Contact information:

Mentor Dennis Schetinin
Dennis.Schetinin@gmail.com
Student Ivanova Anastasiya
IvanovaAnastasiua@yandex.ru
Skype name: li4inka_kote

How the results will look like?

- The application is meant for structuring incoming data and turning it into knowledge
- It should accept data from different sources (like, for instance, e-mail, instant messages, blogs (over RSS) and micro-blogs (over relevant API, like Twitter), user input etc.)
- The incoming messages should be aggregated into personal knowledge base represented by semantic network
- The aggregation can be performed both manually by user actions, and automatically by processing scripts
- The application will be created as a web-service having both programming and user interfaces

Features:

- Alternative approach to data engineering and knowledge management based on semantic relations, instead of common today text analysis
- Our approach allows users to take part in the process of data analysis, "knowledge extraction" and management. Thereby users can build and customize knowledge base for their own needs and tasks.

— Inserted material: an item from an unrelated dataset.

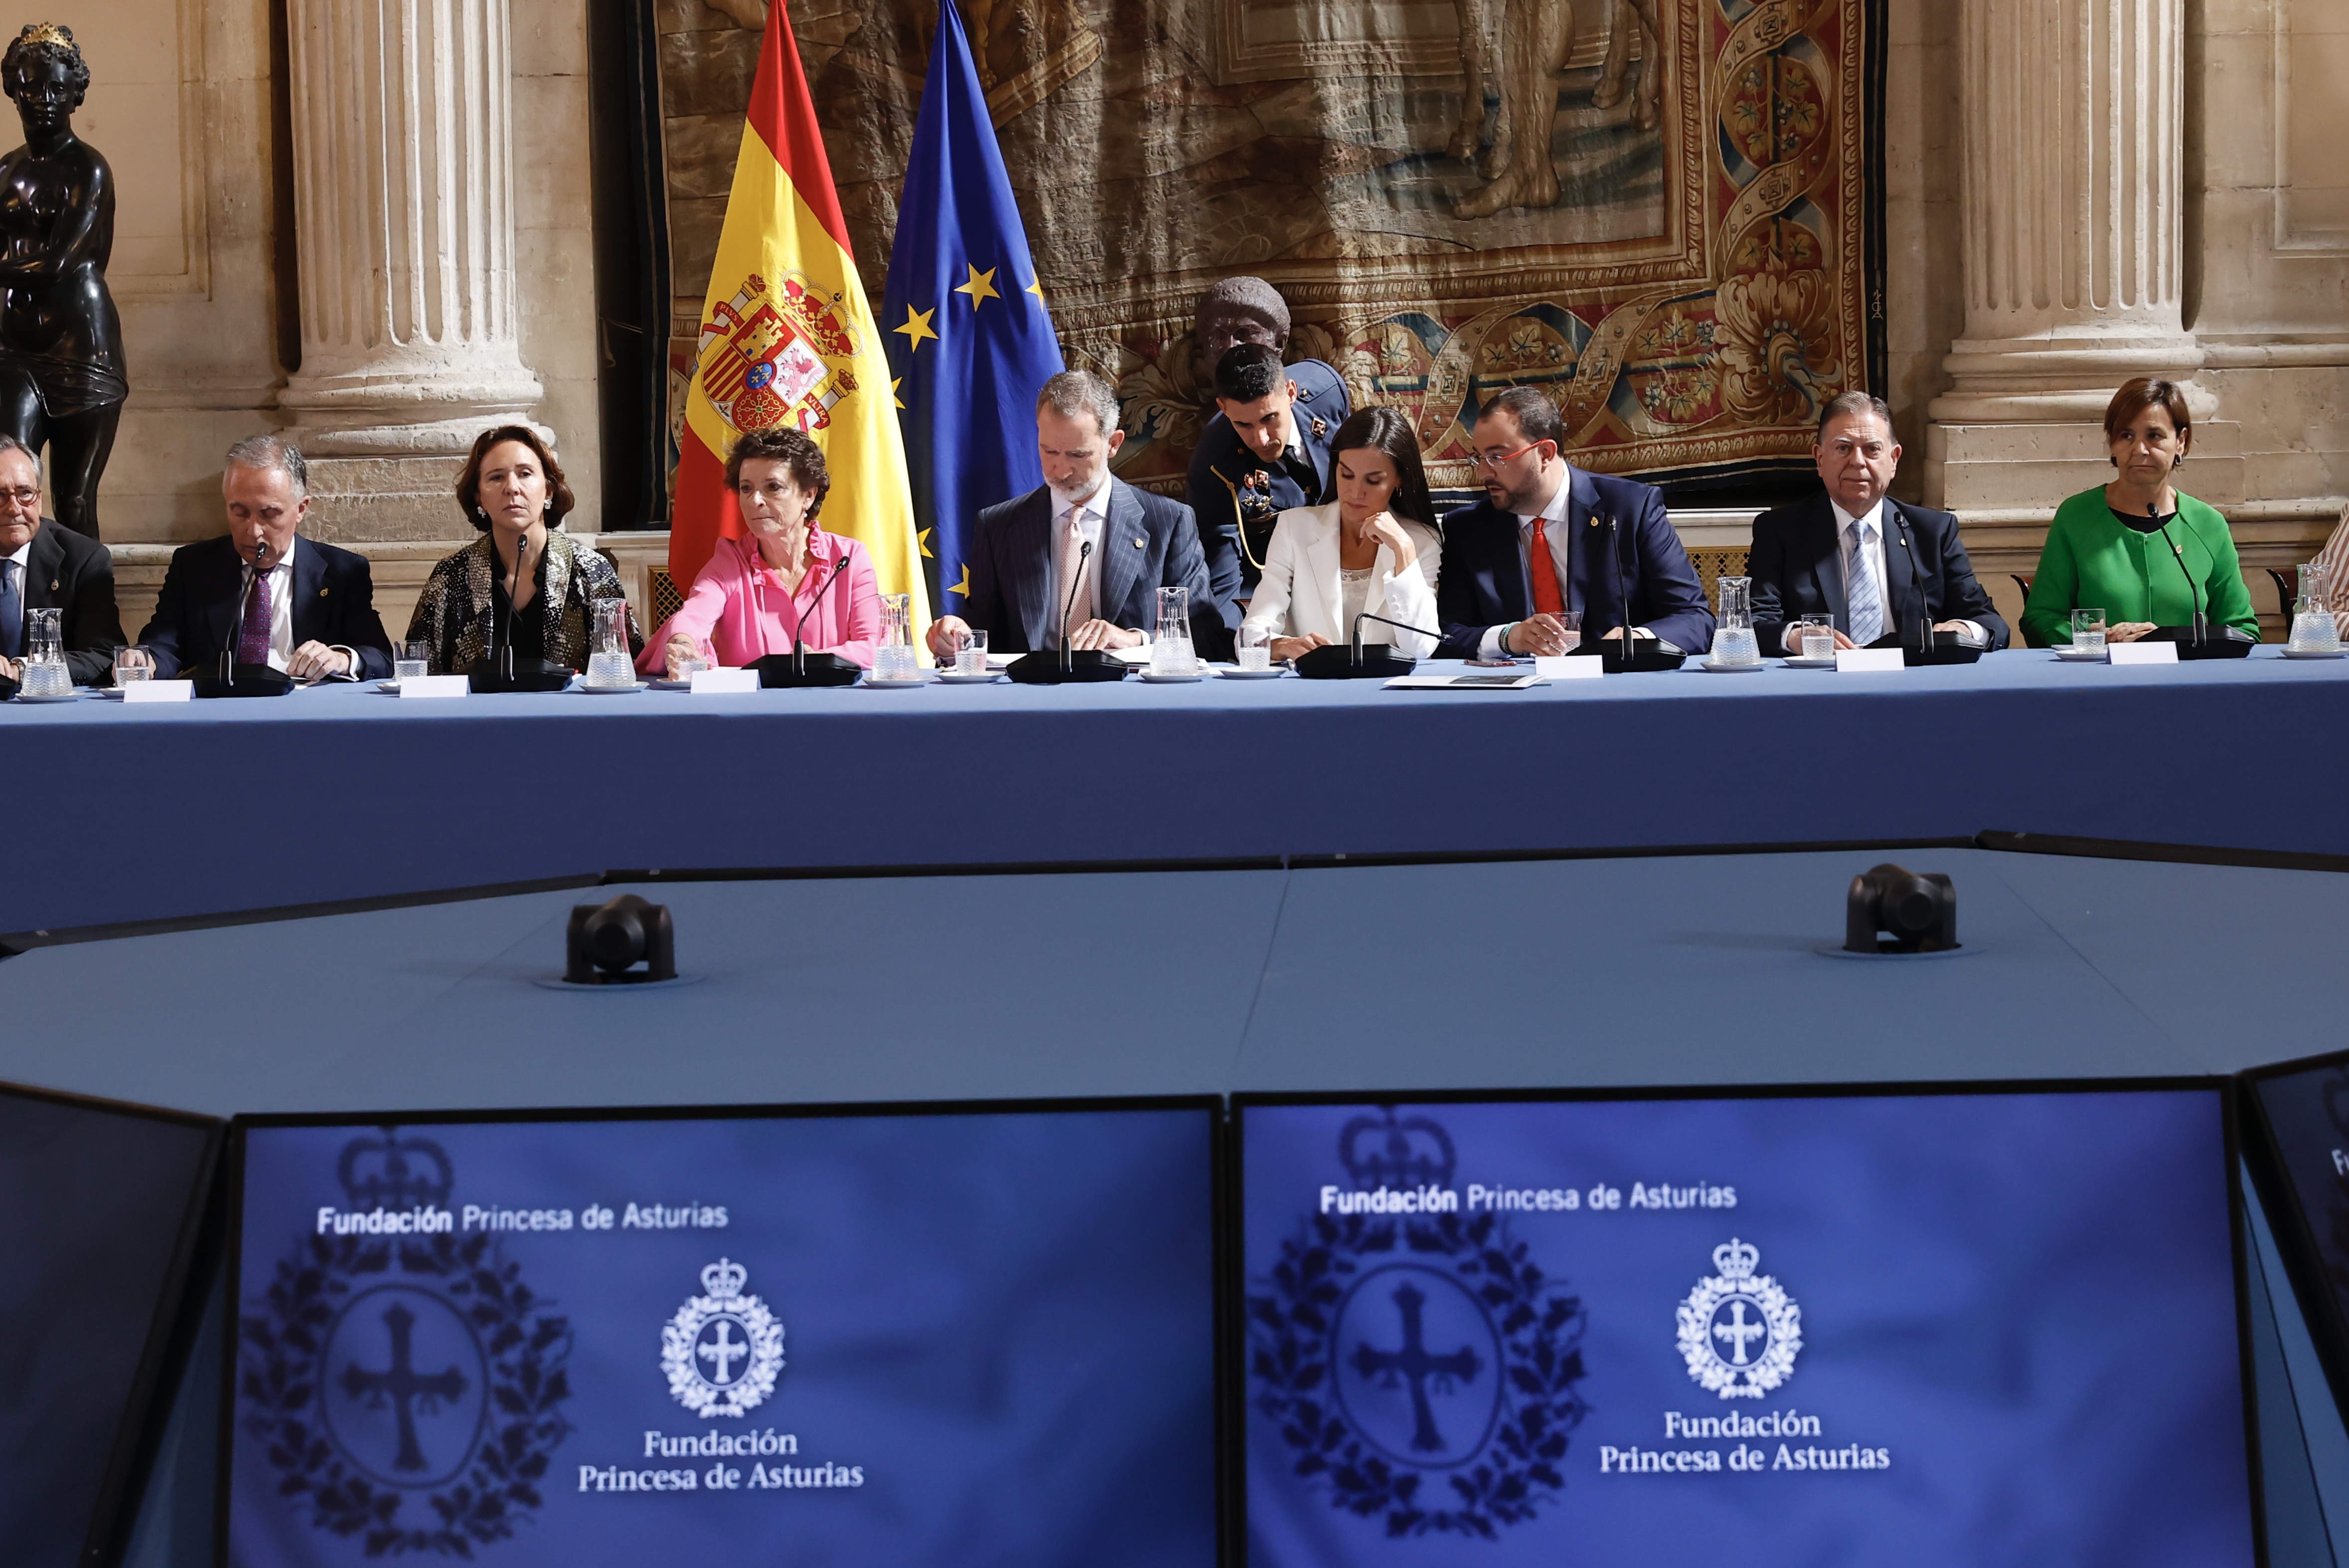 Imagen - Barbón asiste en Madrid al patronato de la Fundación Princesa de Asturias

The supposed architecture will include:

- Input subsystem (for accepting incoming data from different sources and services)
- Knowledge base (representing accepted objects and semantic relations between them)
- Knowledge browser/searcher (allowing user to find and use the useful information in semantic network)

The issue I think I can bypass in this project is data persistence. Smalltalk has "free" image persistence and therefore I don't have to deal with the problem from the first steps of project. Later on as the software getting mature it will be possible to add some persistence engine (like object-relational mapping, or object-oriented database, or modern document-oriented storage) as Smalltalk has a bunch of available solutions here.

Advantages over Google Desktop (or other analogs)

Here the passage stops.